▶ Provided data:
_ _ _ _
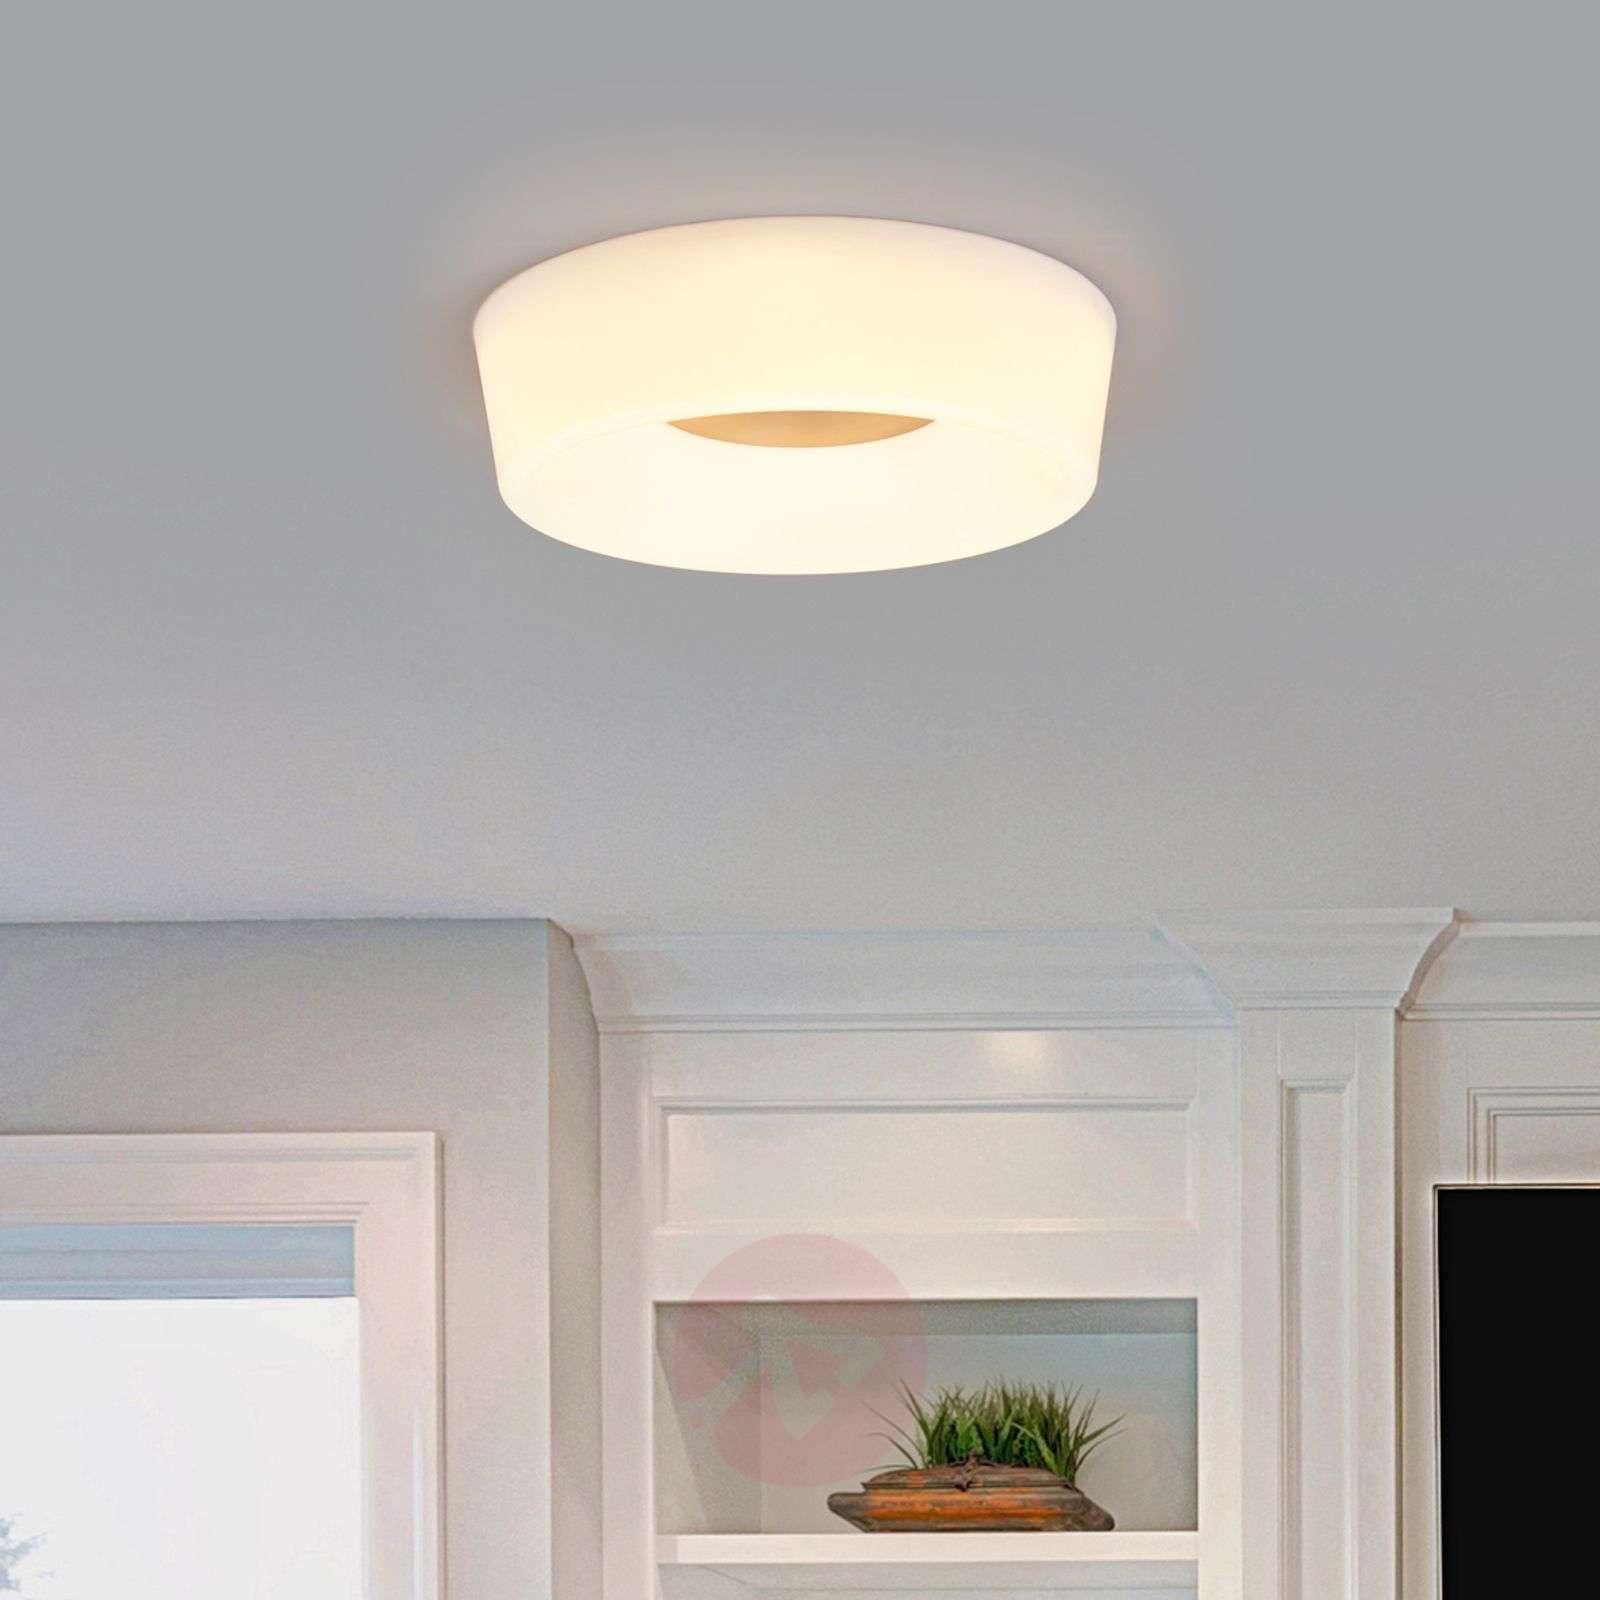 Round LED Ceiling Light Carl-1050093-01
_ _ _ _
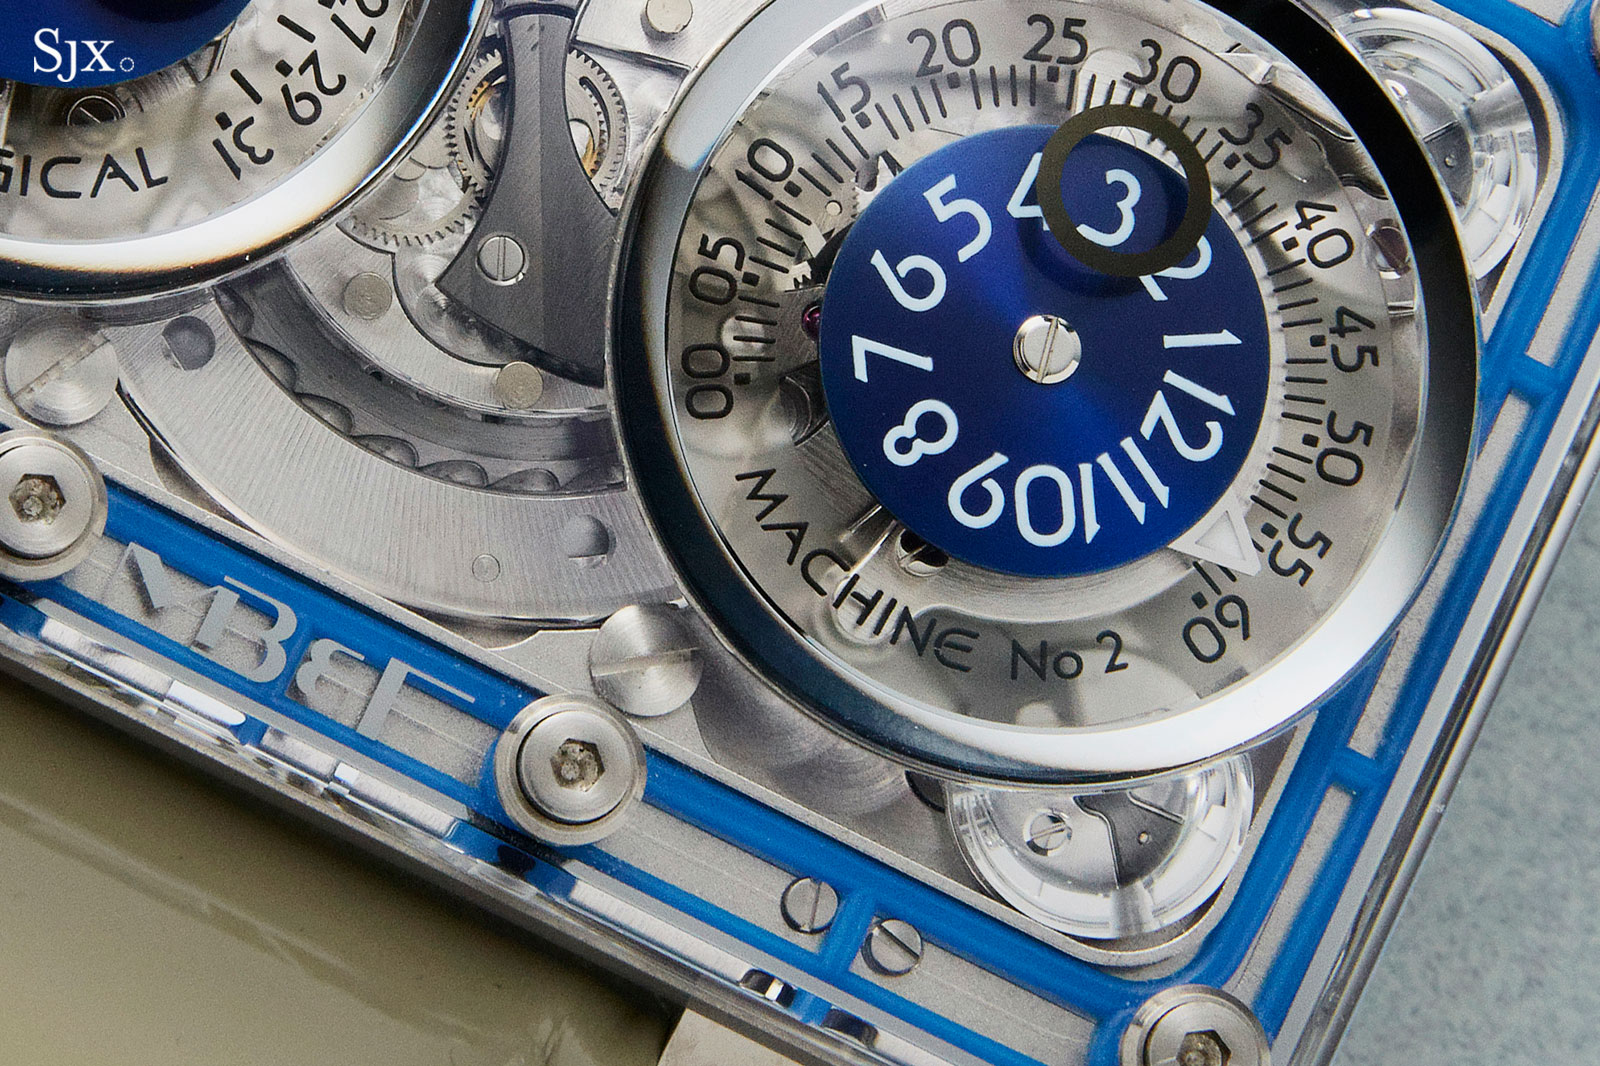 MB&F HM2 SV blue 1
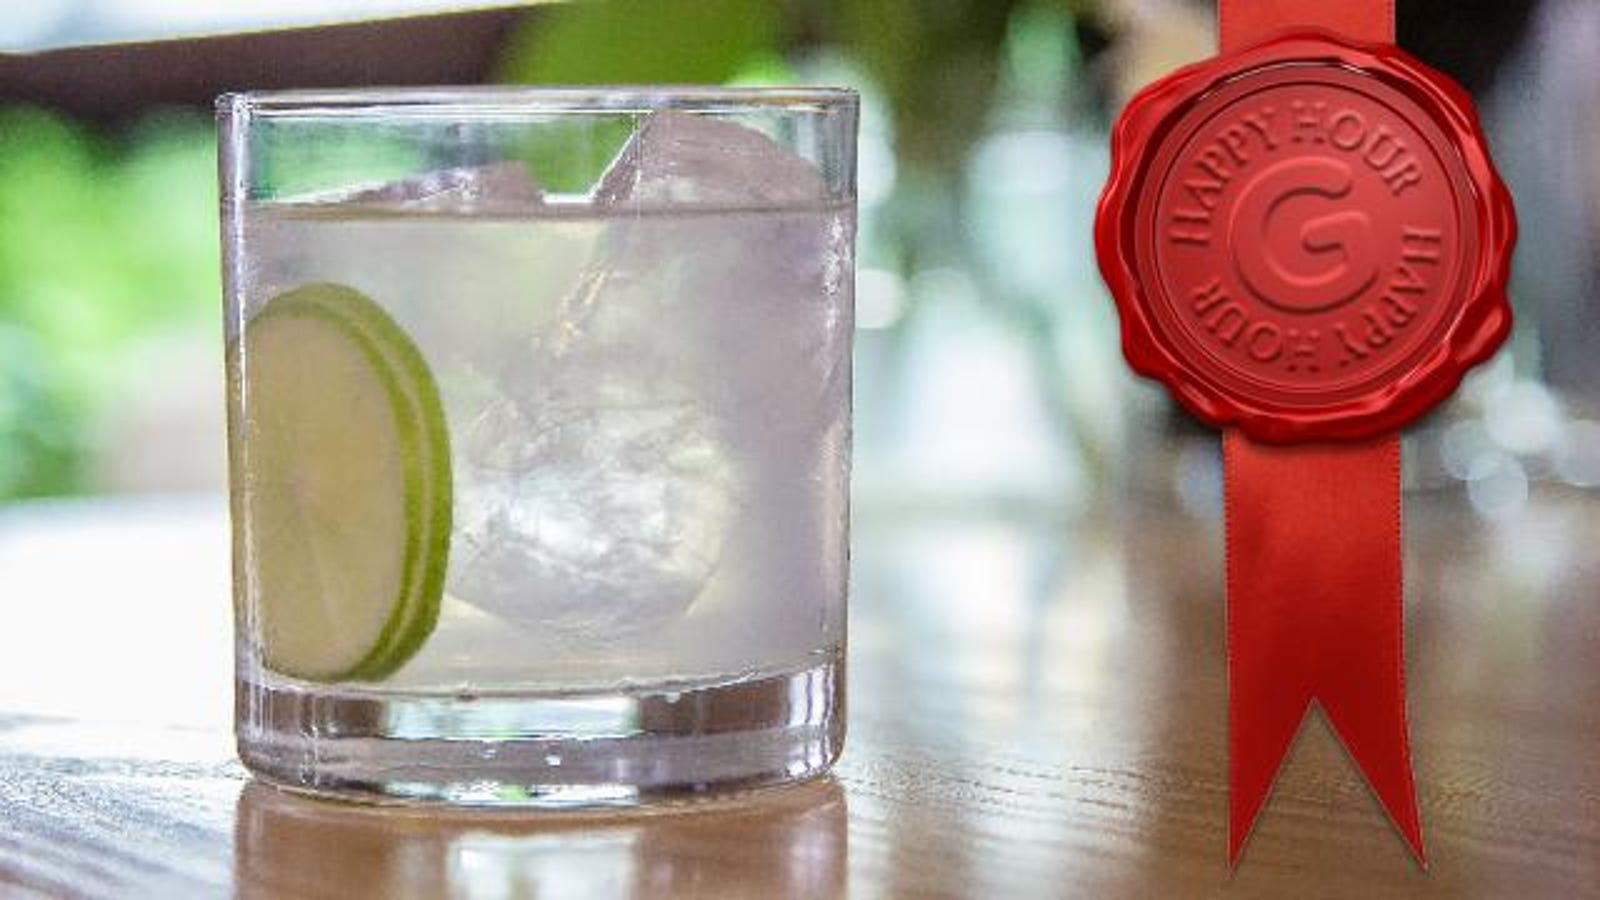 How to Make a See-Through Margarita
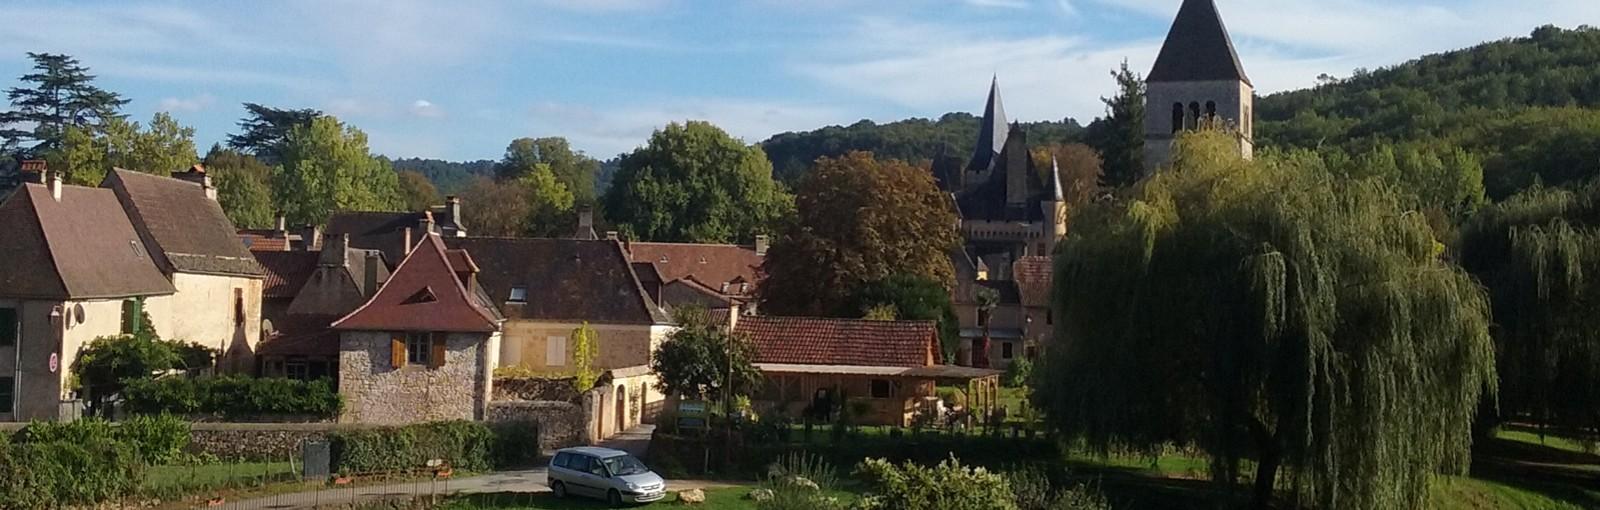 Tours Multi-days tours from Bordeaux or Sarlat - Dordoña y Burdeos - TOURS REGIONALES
_ _ _ _
▶ How to complete this task:
In the entries above, find the line containing "MB&F HM2 SV blue 1" and the line containing "Tours Multi-days tours"; give again exactly those two lines and every line between them, minus the pictures.

▶ Output for this exercise:
 MB&F HM2 SV blue 1
 How to Make a See-Through Margarita
 Tours Multi-days tours from Bordeaux or Sarlat - Dordoña y Burdeos - TOURS REGIONALES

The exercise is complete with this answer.